SI researchers expect the fastest growth to come in the intermediary channel.

Intermediaries, on SI’s analysis, will benefit as aging investors transition from other channels, such as seeking professional advice when rolling over assets from a 401(k) account. 

Wirehouses are expected to hold onto their strong position, with 44% of projected 2013 year-end fund assets, but they also have to deal several issues. These include problems in adviser and asset retention, and tarnished brand images following the financial crisis. 

Regional firms have expanded based on strong records for customer satisfaction and consistent service, SI says. The independent adviser channel, conversely, has backtracked in the past few years, because of mergers, acquisitions, firm closures, consolidations and adviser retirements.
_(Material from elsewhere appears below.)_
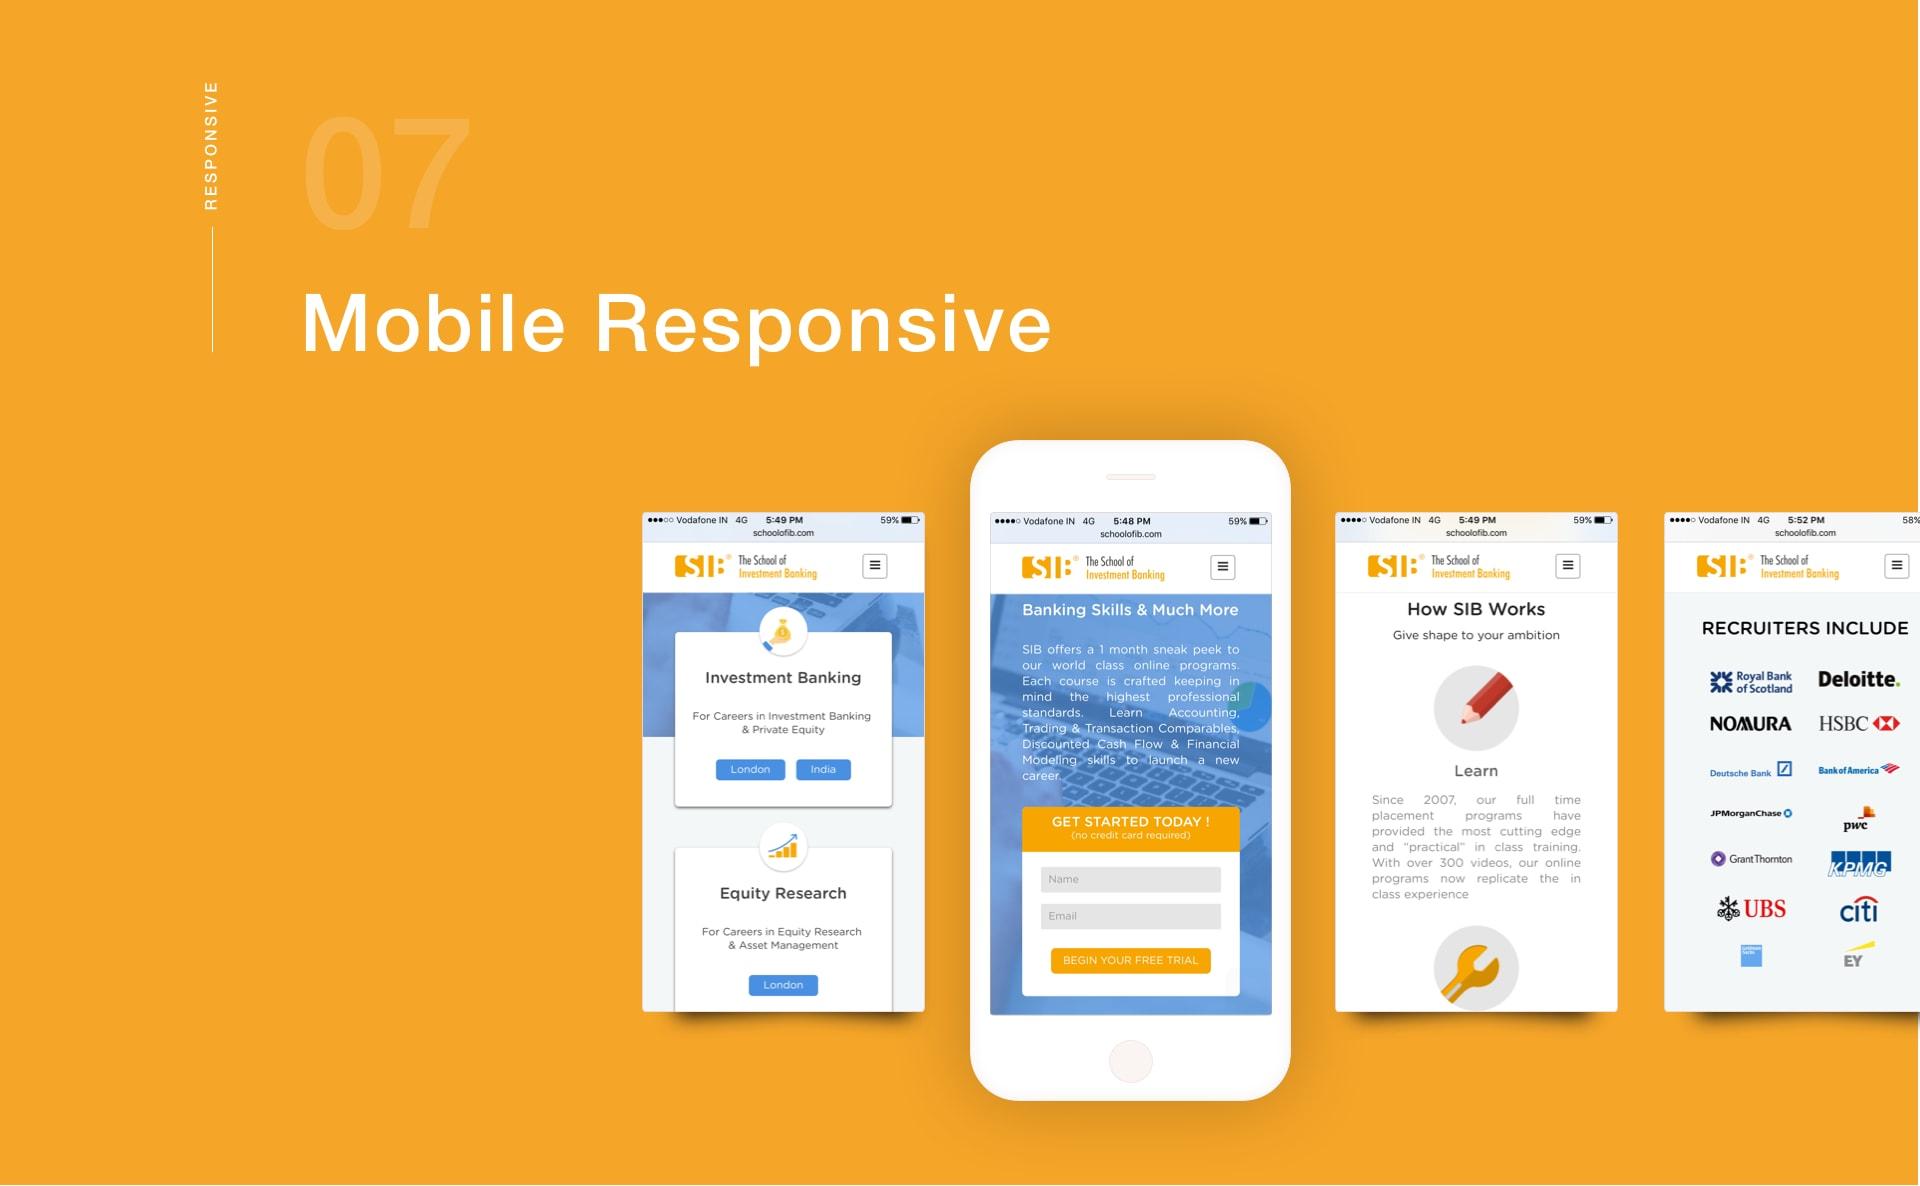 Mobile Responsive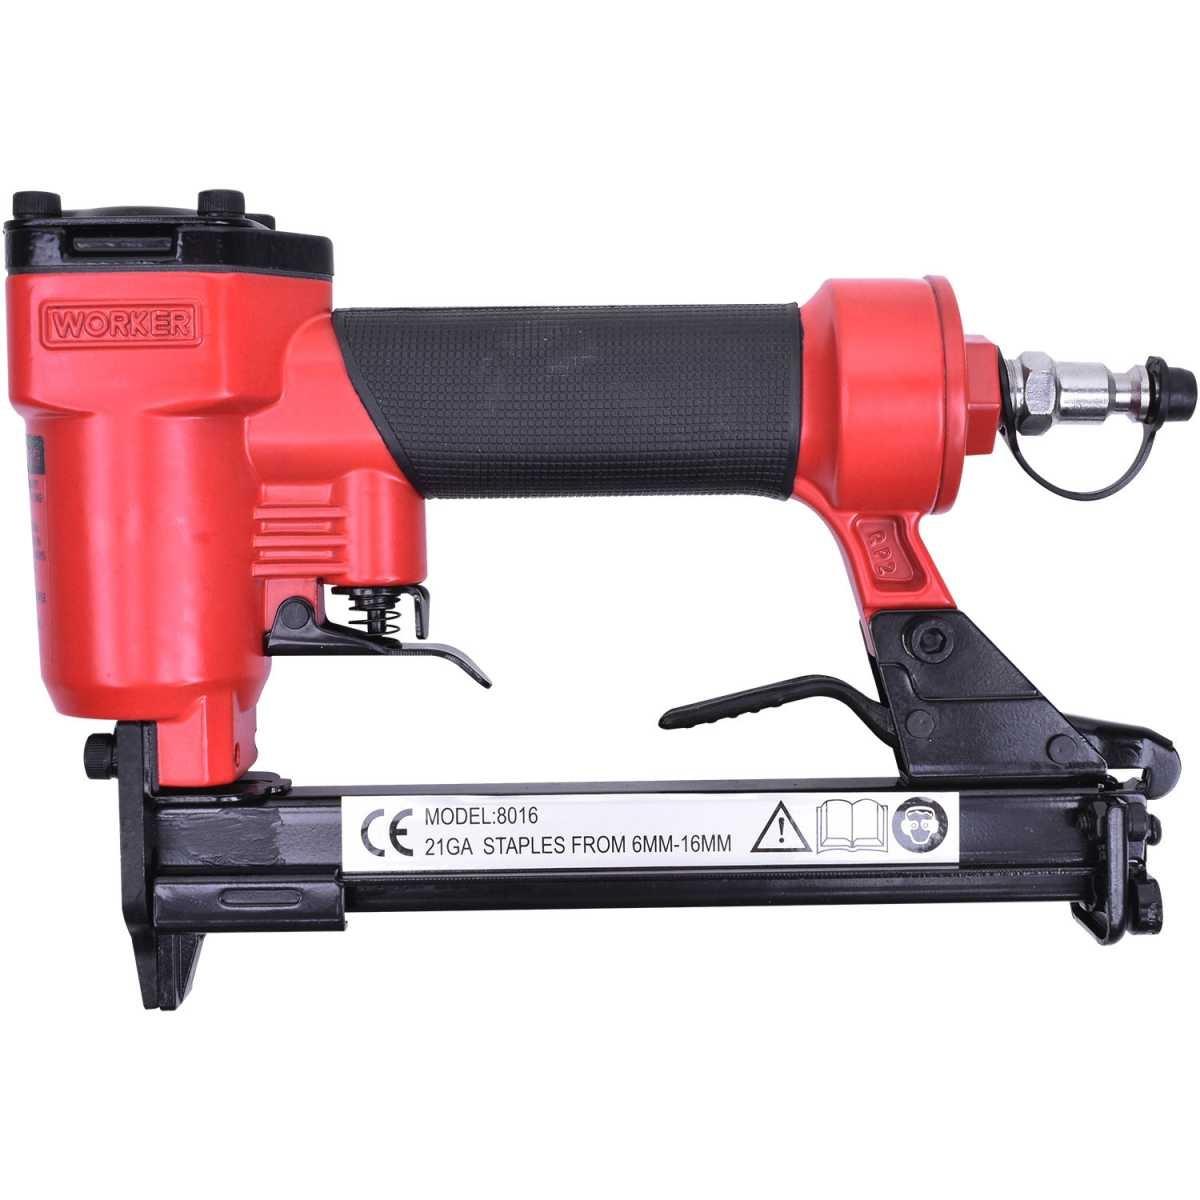 Grampeador Pneumático Worker 6 A 16mm 120 Grampos

SI researchers also point out that the registered investment adviser (RIA) segment stands out as the most independent section of the intermediary channel, and consists of more than 27,000 firms of varying sizes, making wholesaling a challenge. SI expects the RIA population to increase the most of any intermediary channel. Advisers with dual registration (with an RIA and a broker/dealer) have also become an increasingly important part of the channel. 

One channel that remains relatively untapped is the employer channel. According to SI, expanding into this channel is ideal for expanding both assets and automatic funding into 529 plans.

About a third of parents (30%) say that they use a 529 plan to save for college, SI found in its research, but just 7% report that they enrolled in it through an employer. The employer channel can be useful in expanding industry assets, SI says, because 90% of the 529 users who enrolled that way use automatic funding for their accounts. Auto enrollment is an effective way for savers to continually contribute and grow their accounts, which is good for both advisers and their clients.

For that reason, SI urges product providers to allocate more resources to support employers directly and to consider utilizing benefits fairs and other initiatives to encourage employees to save more. 

Looking more generally at the 529 space, total assets have grown to about $183.5 billion, as of the end of the second quarter of 2013. That’s an all-time high and 64% higher than the pre-recession year-end high of $112 billion, measured in 2007. 

Assets in plans sold by advisers have been steadily declining year over year. In fact, the adviser channel accounted for 62% of the 529 savings plan industry assets in 2003, but only 49% as of the second quarter.

Investors have been returning to the industry since 2008, with direct-sold plans gathering the majority of net flows. The growth of the intermediary channel will be critical to the future of all 529s, even direct-sold plans, where financial advisers play an important part in enrollment.